Amazon has licensed this dataset under its own agreement for non-commercial research usage only. This licence is quite restrictive preventing use anywhere a fee is received including paid for internships etc. A copy of the agreement can be found at the dataset webpage here: https://docs.opendata.aws/amazon-reviews-ml/license.txt

By accessing the Multilingual Amazon Reviews Corpus ("Reviews Corpus"), you agree that the Reviews Corpus is an Amazon Service subject to the Amazon.com Conditions of Use and you agree to be bound by them, with the following additional conditions:

In addition to the license rights granted under the Conditions of Use, Amazon or its content providers grant you a limited, non-exclusive, non-transferable, non-sublicensable, revocable license to access and use the Reviews Corpus for purposes of academic research. You may not resell, republish, or make any commercial use of the Reviews Corpus or its contents, including use of the Reviews Corpus for commercial research, such as research related to a funding or consultancy contract, internship, or other relationship in which the results are provided for a fee or delivered to a for-profit organization.
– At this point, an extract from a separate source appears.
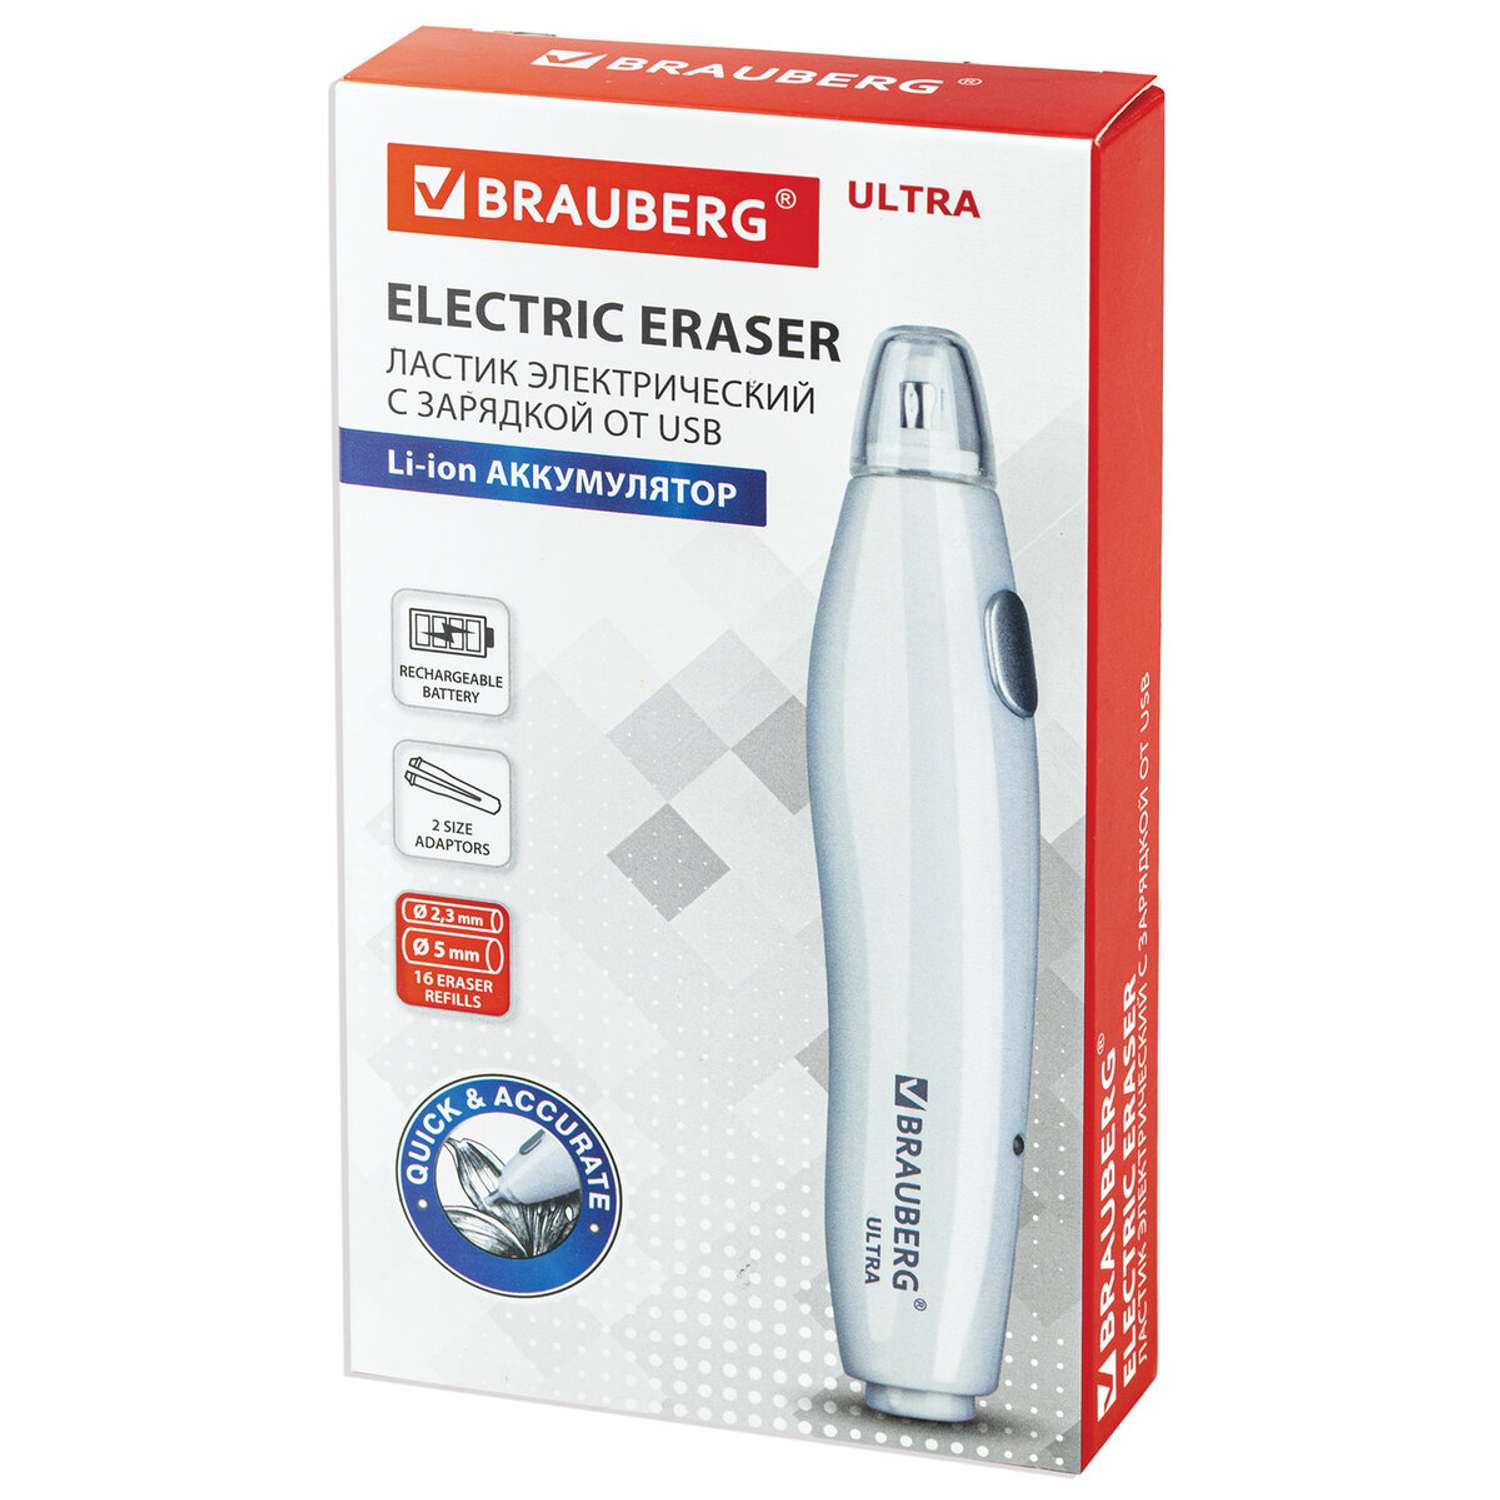 Ластик электрический Brauberg Ultra аккумулятор зарядка USB - фото 1

You may not (a) link or associate content in the Reviews Corpus with any personal information (including Amazon customer accounts), or (b) attempt to determine the identity of the author of any content in the Reviews Corpus. If you violate any of the foregoing conditions, your license to access and use the Reviews Corpus will automatically terminate without prejudice to any of the other rights or remedies Amazon may have.

Citation Information

Please cite the following paper (arXiv) if you found this dataset useful:

Phillip Keung, Yichao Lu, György Szarvas and Noah A. Smith. “The Multilingual Amazon Reviews Corpus.” In Proceedings of the 2020 Conference on Empirical Methods in Natural Language Processing, 2020.

@inproceedings{marc_reviews,
    title={The Multilingual Amazon Reviews Corpus},
    author={Keung, Phillip and Lu, Yichao and Szarvas, György and Smith, Noah A.},
    booktitle={Proceedings of the 2020 Conference on Empirical Methods in Natural Language Processing},
    year={2020}
}

Contributions

Thanks to @joeddav for adding this dataset.